Iklan - Geser ke atas untuk melanjutkan
Kamis, 10 September 2026

Demi Cuti Panjang, Pacar Meninggal Dijadikan Alasan

- Minggu, 24 September 2017 20:40 WIB
395 view
Sevenoaks (SIB) -Banyak cara agar bisa berlibur di kala tengah jenuh terhadap pekerjaan. Bisa jalan-jalan saat akhir pekan atau mungkin mengambil cuti.
Namun berbeda dengan cerita pria yang satu ini, ia mengambil cuti dengan cara yang sungguh memalukan.

Seorang guru di Fosse Bank School, Sevenoaks, bernama Matthew Watts, terbukti berbohong agar dapat cuti panjang. Ia berbohong dengan mengatakan pacarnya sakit parah. Hal tersebut ia lakukan selama 2015. Akibat perbuatannya tersebut, ia pun disidang oleh panel dari National College for Teaching and Leadership.

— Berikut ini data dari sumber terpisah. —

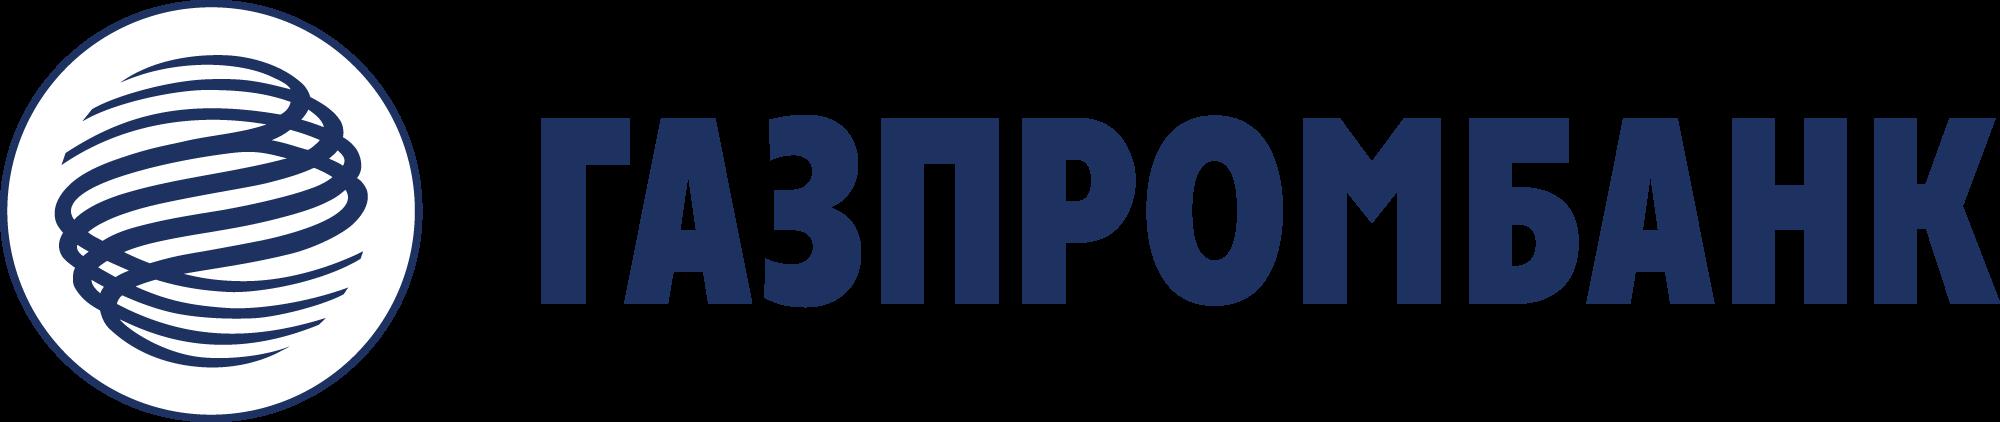 Газпромбанк с помощью Tarantool ускорил работу внутренних систем в 50 раз

National College for Teaching and Leadership (NCTL) mengatakan bahwa pacar Watts selama ini jadikan alasan cuti ternyata fiktif. Watts tidak dapat memberikan bukti bahwa ia memiliki pacar yang sakit dan tetap mengaku pacarnya itu sedang tertidur.

Guru sekolah dasar tersebut mengambil cuti sepanjang Januari dan September 2015, kemudian sebulan penuh antara November dan Desember 2015 ketika dia mengklaim bahwa pacarnya meninggal. Tak hanya berbohong mengenai pacarnya yang sakit, pada suatu kesempatan dia pernah mengatakan bahwa dia sedang mengurus pacarnya di kantor polisi, namun kemudian mengakui bahwa itu adalah suatu kebohongan.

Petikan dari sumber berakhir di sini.